Use Vagrant, Foreman, and Puppet to provision and configure HAProxy as a reverse proxy, load-balancer for a cluster of Apache web servers.
Introduction
In this post, we will use several technologies, including Vagrant, Foreman, and Puppet, to provision and configure a basic load-balanced web server environment. In this environment, a single node with HAProxy will act as a reverse proxy and load-balancer for two identical Apache web server nodes. All three nodes will be provisioned and bootstrapped using Vagrant, from a Linux CentOS 6.5 Vagrant Box. Afterwards, Foreman, with Puppet, will then be used to install and configure the nodes with HAProxy and Apache, using a series of Puppet modules.
For this post, I will assume you already have running instances of Vagrant with the vagrant-hostmanager plugin, VirtualBox, and Foreman. If you are unfamiliar with Vagrant, the vagrant-hostmanager plugin, VirtualBox, Foreman, or Puppet, review my recent post, Installing Foreman and Puppet Agent on Multiple VMs Using Vagrant and VirtualBox. This post demonstrates how to install and configure Foreman. In addition, the post also demonstrates how to provision and bootstrap virtual machines using Vagrant and VirtualBox. Basically, we will be repeating many of this same steps in this post, with the addition of HAProxy, Apache, and some custom configuration Puppet modules.
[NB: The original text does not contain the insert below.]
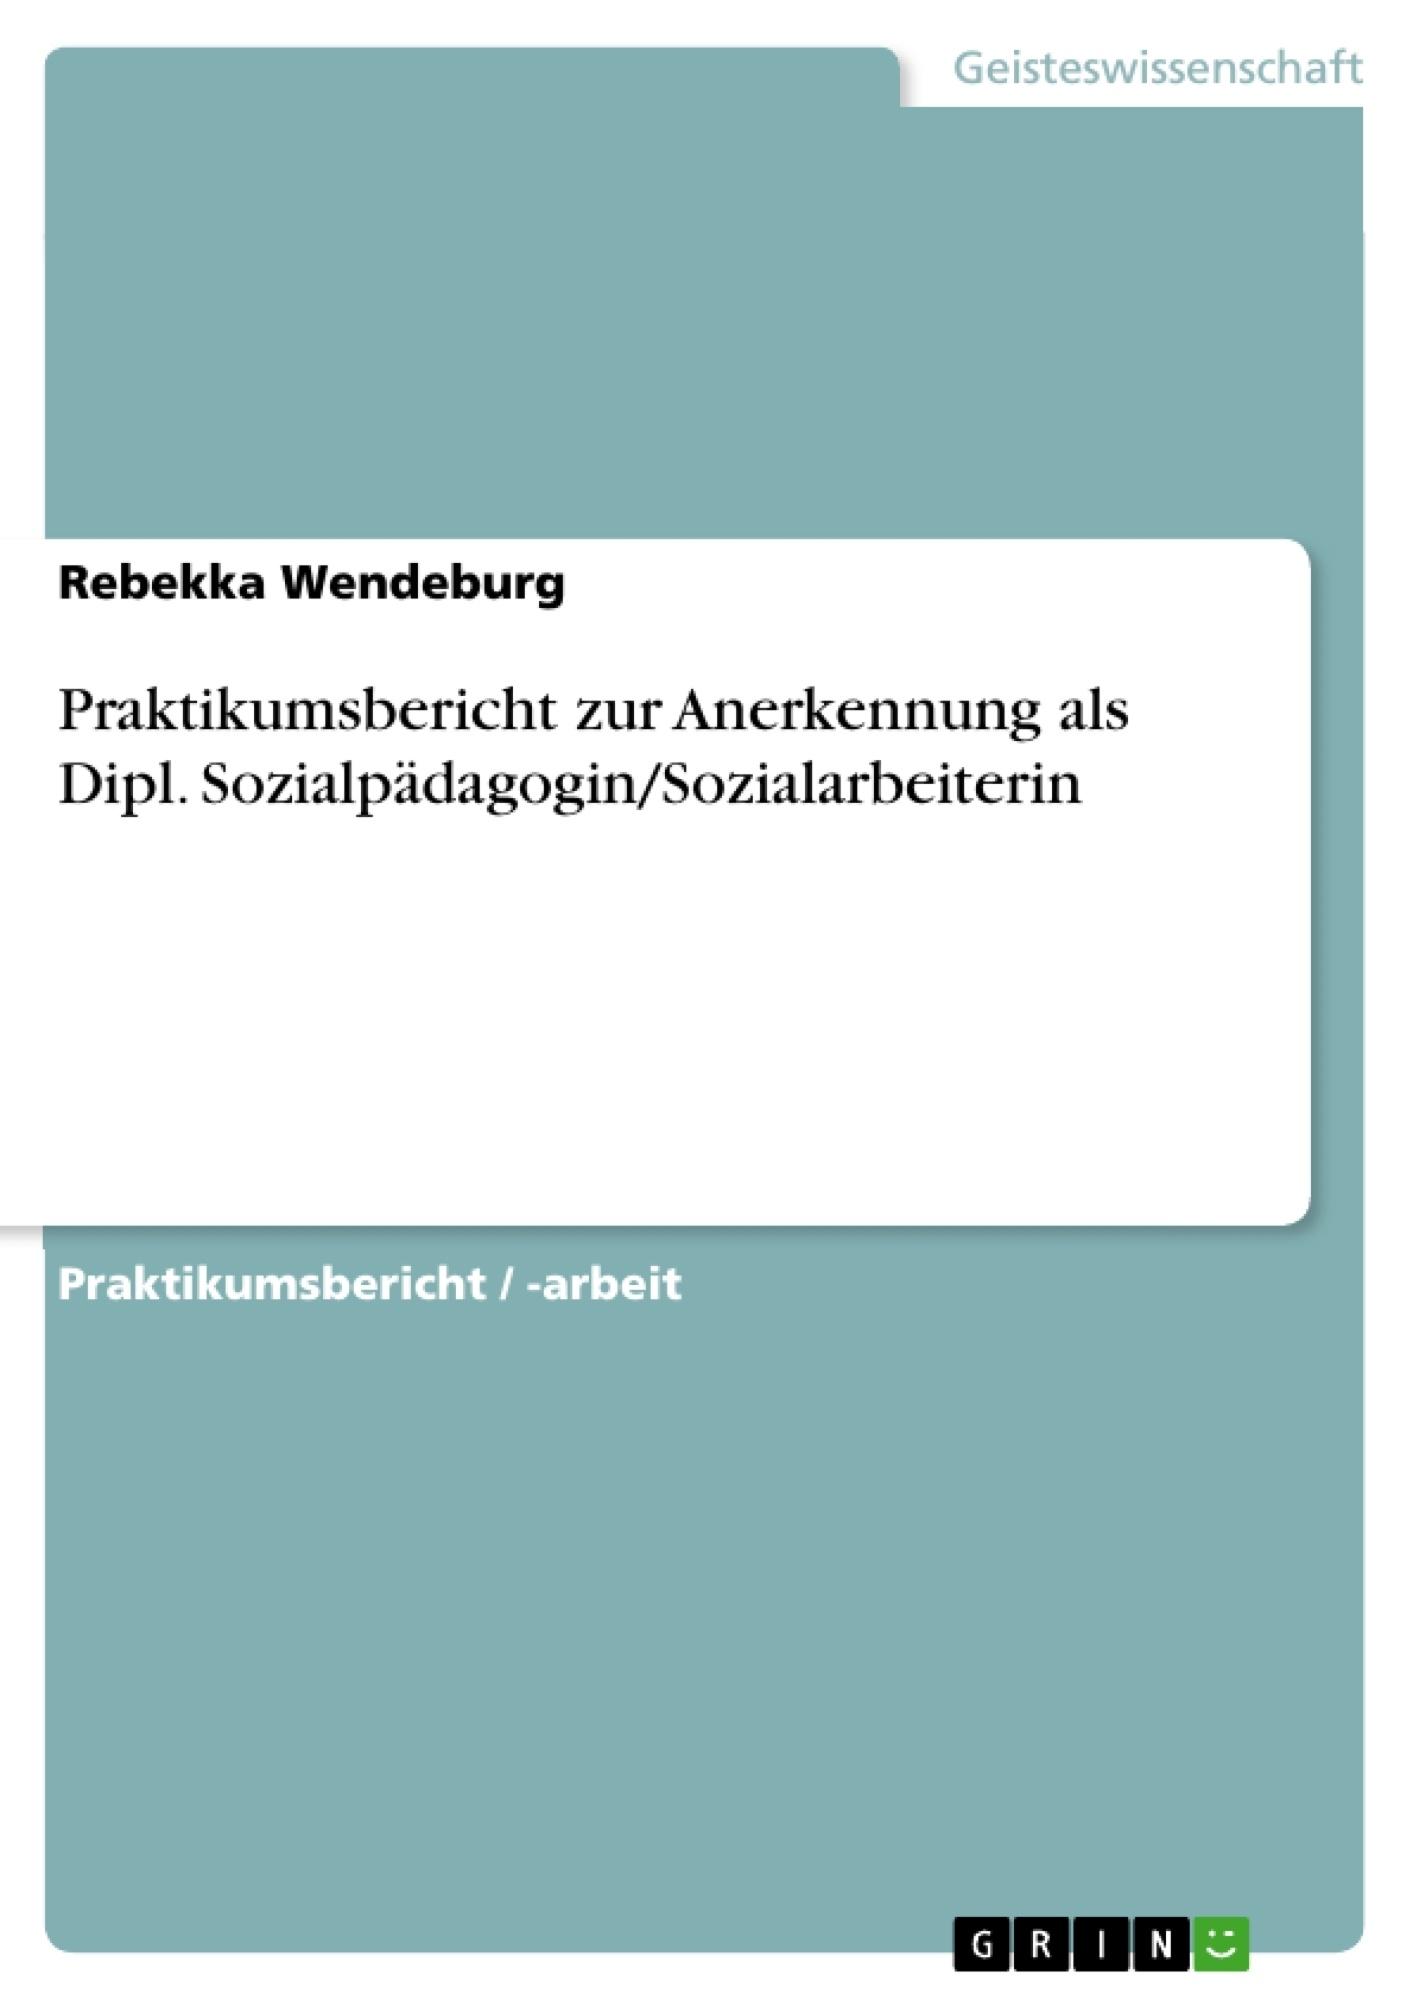 Titel: Praktikumsbericht zur Anerkennung als Dipl. Sozialpädagogin/Sozialarbeiterin
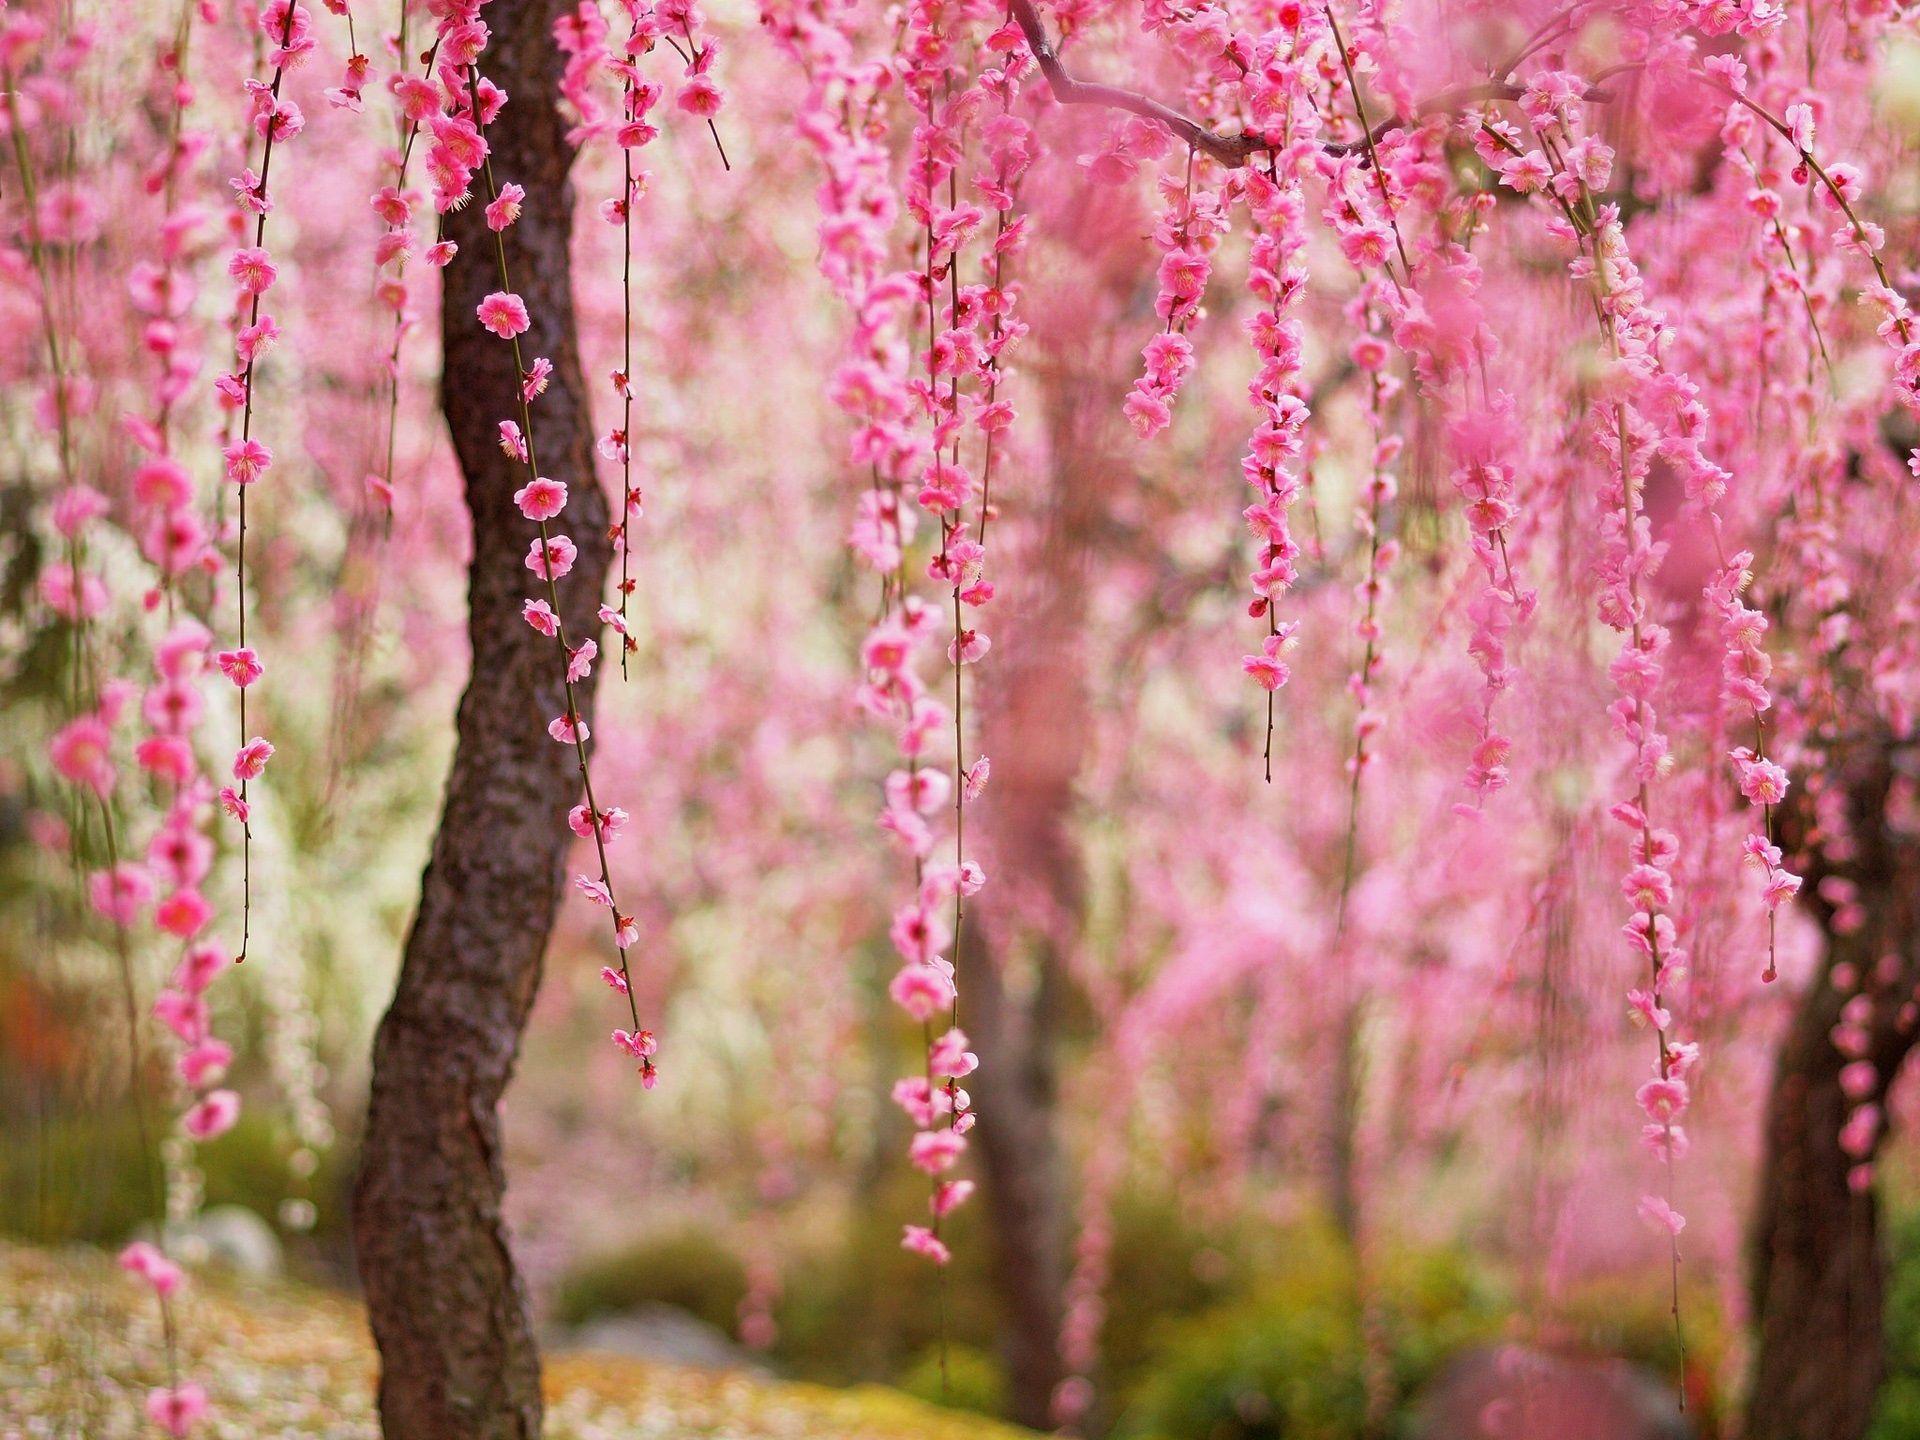 Belle printemps fleurs rose fleurs arbres fonds d 39 cran for Fond ecran ete fleurs

All code for this post is available on GitHub. However, it been updated as of 8/23/2015. Changes were required to fix compatibility issues with the latest versions of Puppet 4.x and Foreman. Additionally, the version of CentOS on all VMs was updated from 6.6 to 7.1 and the version of Foreman was updated from 1.7 to 1.9.
Steps
Here is a high-level overview of our steps in this post:
- Provision and configure the three CentOS-based virtual machines (‘nodes’) using Vagrant and VirtualBox
- Install the HAProxy and Apache Puppet modules, from Puppet Forge, onto the Foreman server
- Install the custom HAProxy and Apache Puppet configuration modules, from GitHub, onto the Foreman server
- Import the four new module’s classes to Foreman’s Puppet class library
- Add the three new virtual machines (‘hosts’) to Foreman
- Configure the new hosts in Foreman, assigning the appropriate Puppet classes
- Apply the Foreman Puppet configurations to the new hosts
- Test HAProxy is working as a reverse and proxy load-balancer for the two Apache web server nodes
In this post, I will use the terms ‘virtual machine’, ‘machine’, ‘node’, ‘agent node’, and ‘host’, interchangeable, based on each software’s own nomenclature.
Provisioning
First, using the process described in the previous post, provision and bootstrap the three new virtual machines. The new machine’s Vagrant configuration is shown below. This should be added to the JSON configuration file. All code for the earlier post is available on GitHub.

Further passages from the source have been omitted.